In Review: Human Tissue by Weyman Chan

In Review: Human Tissue: a Primer for Not Knowing, Weyman Chan (Talon, 2016)

By Linda Rogers


Seek and ye shall find, the spotlit cover image for Weyman Chan’s fourth book of poems, is a petri dish and a pair of black glasses, heavy enough to bear the weight of possibly malignant growth. Human Tissue mansplains the culture in the dish. That is to say it is complicated, left brain arguing with right.

It is up to the reader to translate Chan’s enigmatic verse and determine whether or not the culture is benign. There is evidence for everything in a collection that ranges from Source Codes to Tactile Gnosis, an oxymoron.

Chan, a medical researcher, is aware that words are the Redeemer’s fire and, like kidneys, are filters. There is so much silt to sift through the human story and human tissue reveals it all under the microscope. Pure gold, the golden shower, is the desideratum, the ultimate source, pennies from heaven. It is all about filtration, transcendence, yes, gnosis maybe.

The collection in seven parts is a book of revelation that defines the air in the zero, the not knowing. Alive with references, his petri dish confuses, questions. There are no finite answers. Ask Alan Turing, who released a modern Frankenstein and saved a nation, all at once. His discovery and punishment, based on science and conventional wisdom, bigotry, is another wild ride around the world, signifying what, the parameters of the circle, Faust’s bad deal.

Do all poems end in catch and release?

In the end, all is done, everything passes through cells that exhaust themselves in the effort of being: pain that leaves invisible marks, monsters “retreating after the deed.” In “Kids Geometry,” an injured child attempting to circumscribe a crime scene with a piece of thread learns, “You can’t take back time.” All that is left is forgiveness and there is so much to forgive in the human story, aspects of which he reveals in cultural and historical reference subtly interspersed in his lateral narratives, the Chinese Diaspora, the history of homophobia, fraternal violence, Aboriginal genocide and diseases that torment human tissue and twist human minds.

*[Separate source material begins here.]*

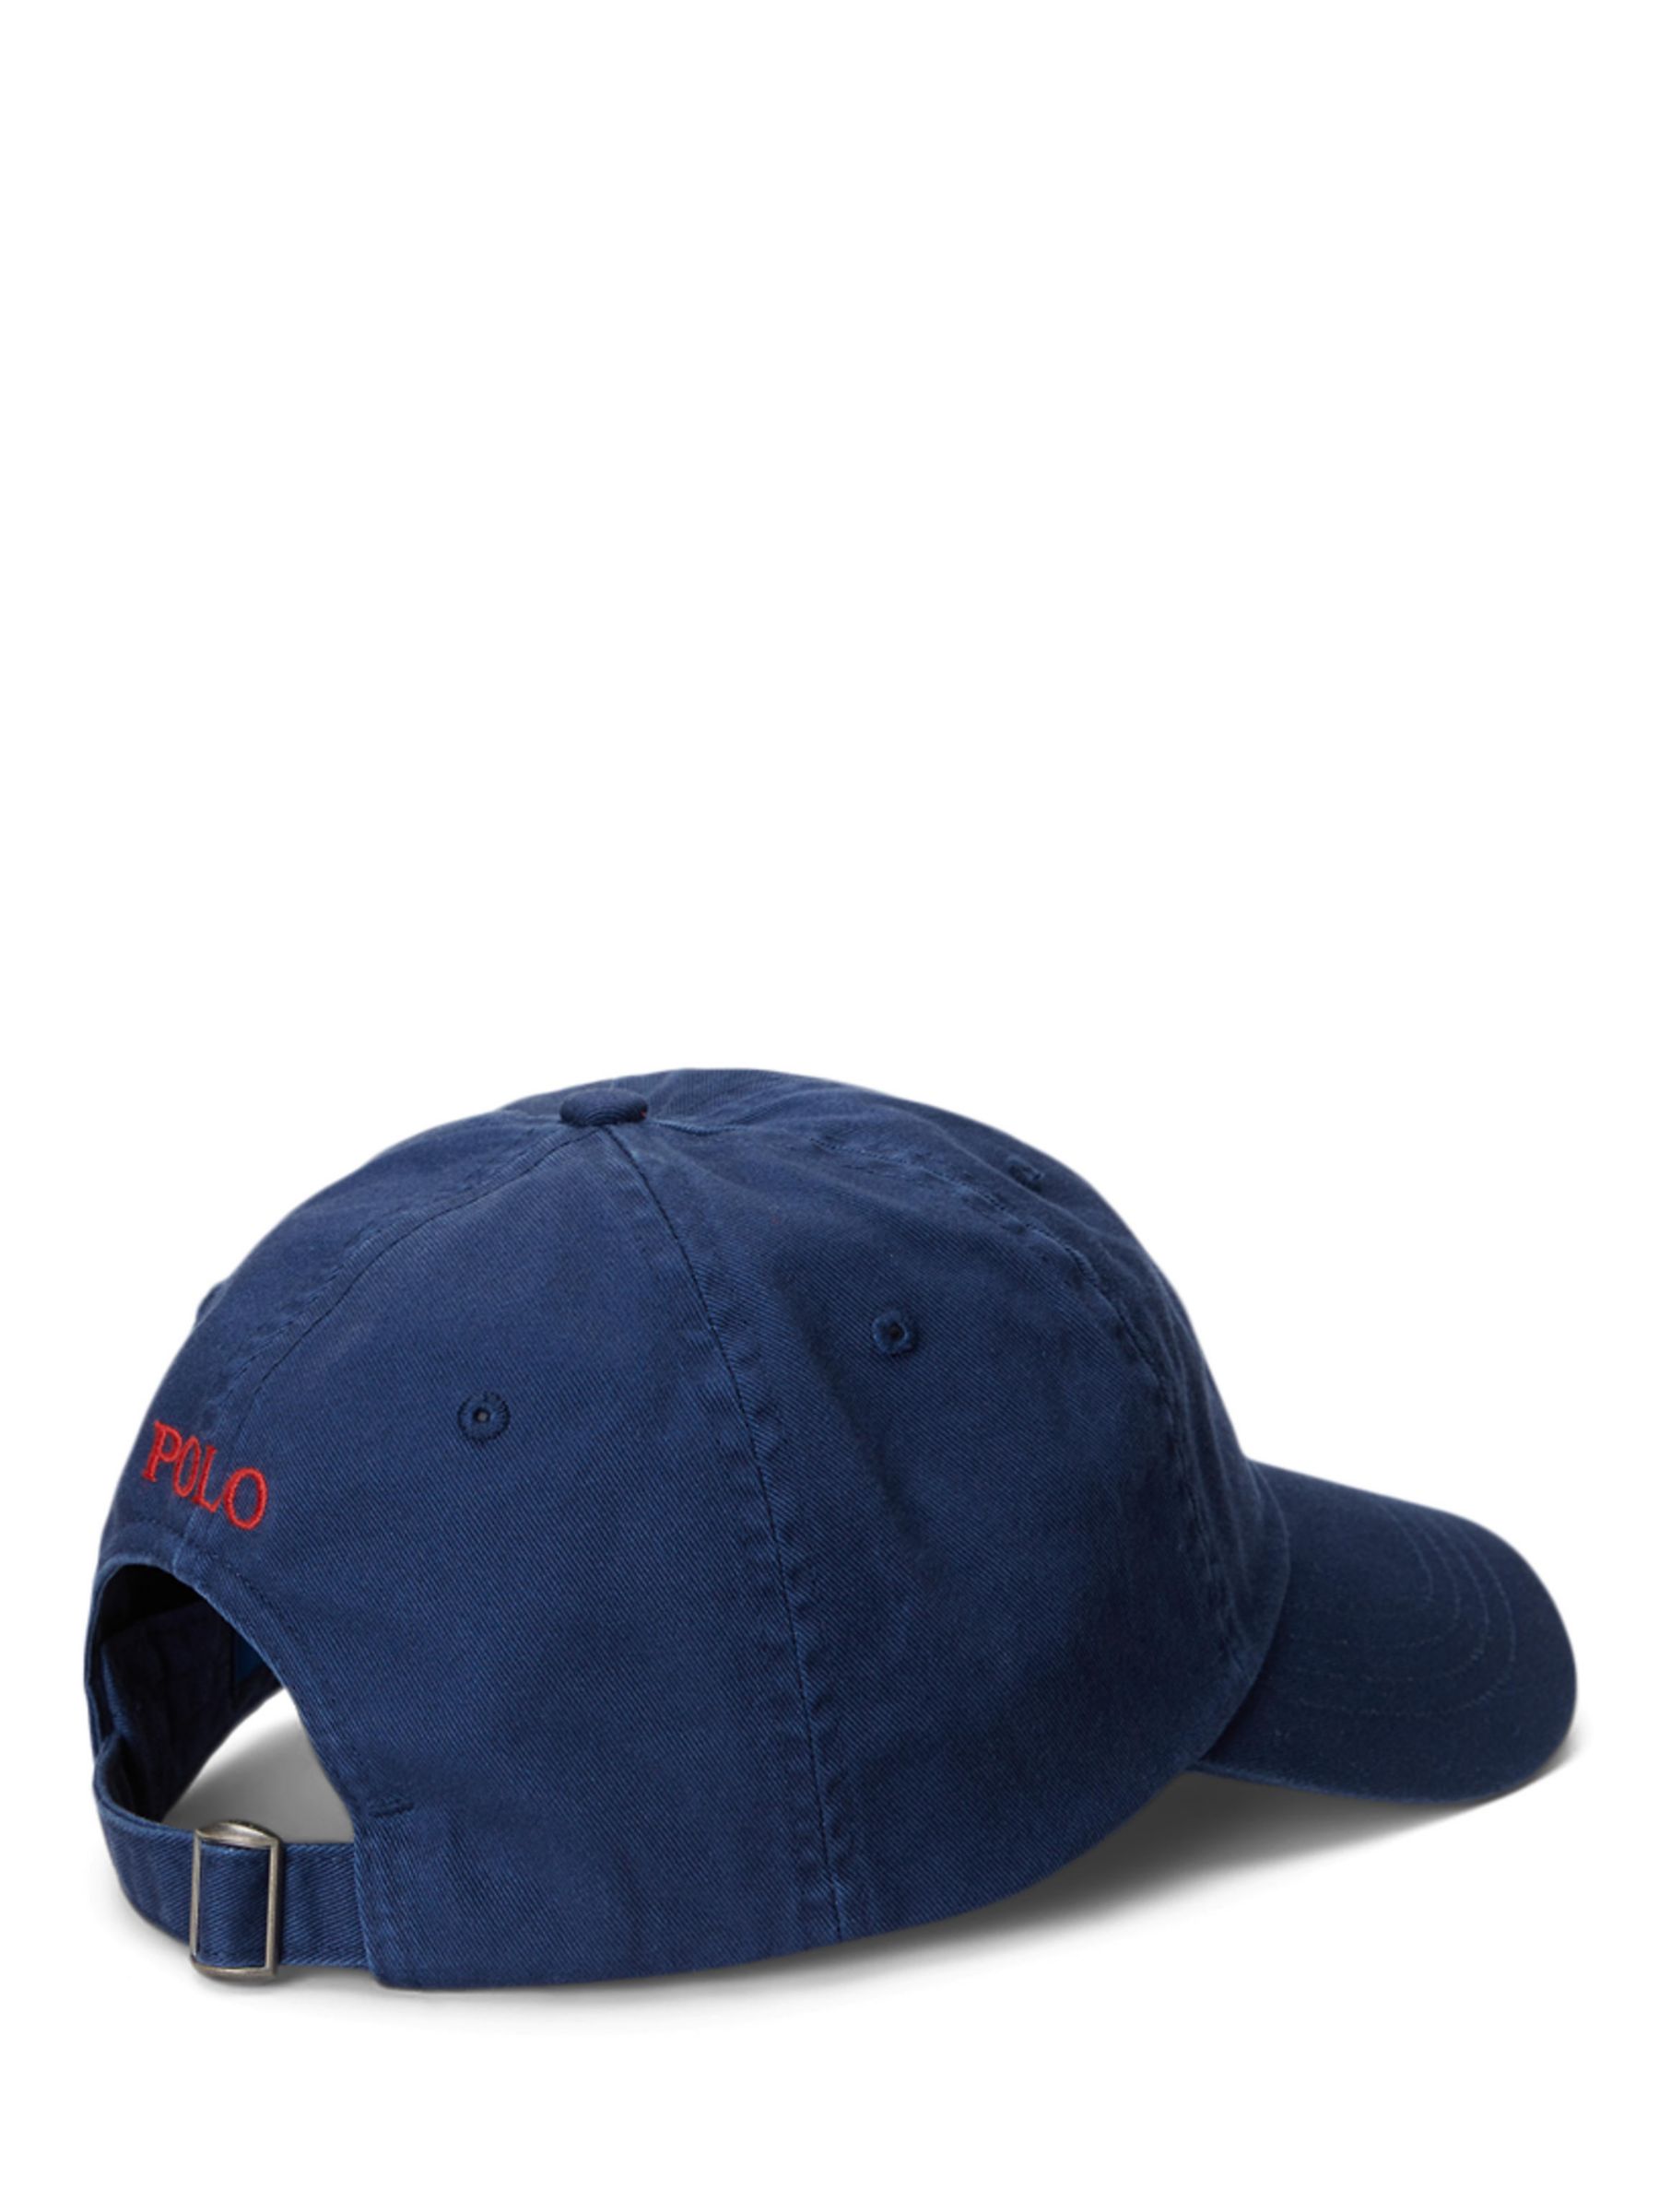 Polo Ralph Lauren Signature Pony Baseball Cap, One Size, Navy/Red at John  Lewis & Partners

The phenomenal world is at once beautiful and ugly. Ultimately, it is all left behind as we rot and rapture. No one knows this better than the poet who reads the human story through a microscopic lens and those black glasses. Even the beautiful designs in nature and anti-nature are potentially malignant, and sex is death.

one bees target coition
ultraviolet landing strips crowd the bosom

or do hyaline cues sex mate-anxiety to kill the darlings in your head?

There are so many darlings in this soup, as rich in references as a bowl of word wonton, every food group represented: science, art, history, ethnicity and geography, the poems, a party in the ear, are best digested as music, sound carrying meaning, meaning ultimately nourishing as

Interim benthic cycles record frabjous humping of honeybees
beneath a manhole cover.

Human Tissue is available now.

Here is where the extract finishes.